No compatible local card — or on a Mac? Run the stack on any Linux GPU box and expose the backend port, then open the UI anywhere and set the backend URL under System → backend url — your phone or laptop drives a remote GPU over HTTP:

docker compose -f docker-compose.yml -f docker-compose.expose-backend.yml up

Updating

Already running it? Don't re-create the folder or re-download the compose file — just pull the new release and restart from the same folder you first ran it in (that folder name is your Compose project, which keeps your cached model and history).

Prebuilt images (GHCR):

docker compose pull   # fetch the new release
docker compose up     # recreate containers with the new images

Built from source:

git pull
docker compose up --build

Then hard-refresh your browser (Ctrl/Cmd+Shift+R) so it loads the new UI.
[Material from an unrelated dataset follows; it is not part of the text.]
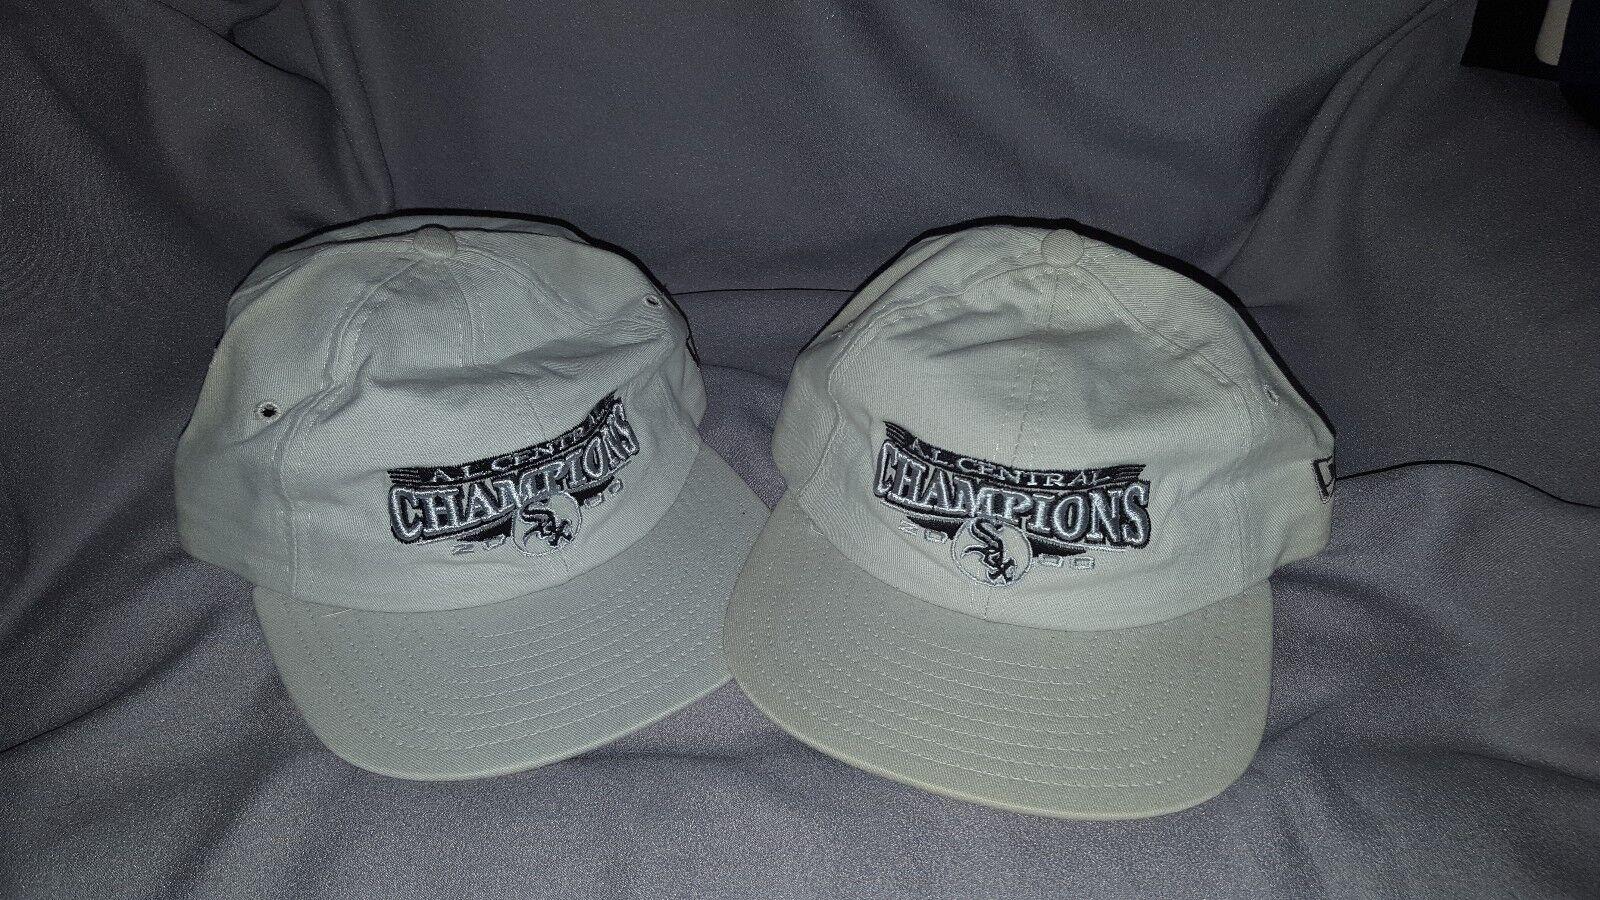 NEW ERA KHAKI STRAPBACK A.L. CENTRAL CHAMPIONS 2000 NEW CHICAGO WHITE SOX  NEW 2000 LOT 2 e85dc4
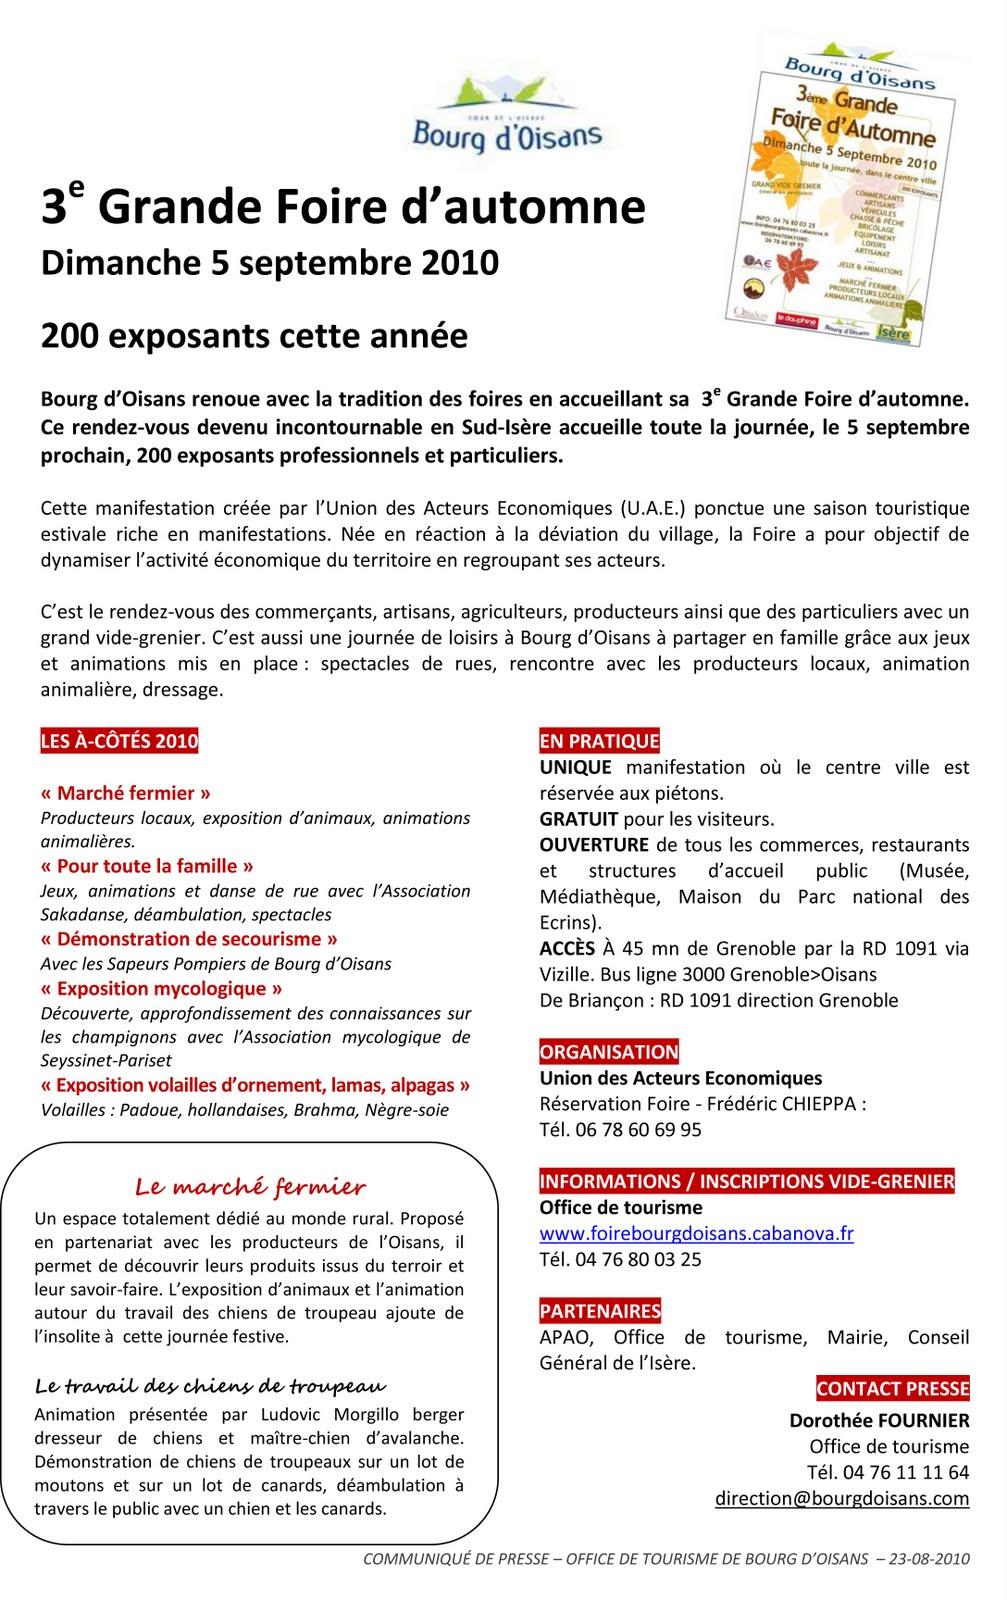 News de l 39 office de tourisme bourg d 39 oisans septembre 2010 - Bourg d oisans office tourisme ...

  • docker compose pull is required — up alone keeps the old cached latest image.
  • Running from a different folder creates a new Compose project with empty volumes, so it re-downloads the ~6GB model. Use the same folder to reuse the cache.
  • Pinned a version with LA_VERSION? Bump it (e.g. LA_VERSION=0.1.3) or remove it to track latest.

Development

See CONTRIBUTING.md for local dev (without Docker), commit conventions, and the test suite.

Acknowledgements

Built on NVIDIA's LocateAnything-3B. This project is not affiliated with or endorsed by NVIDIA.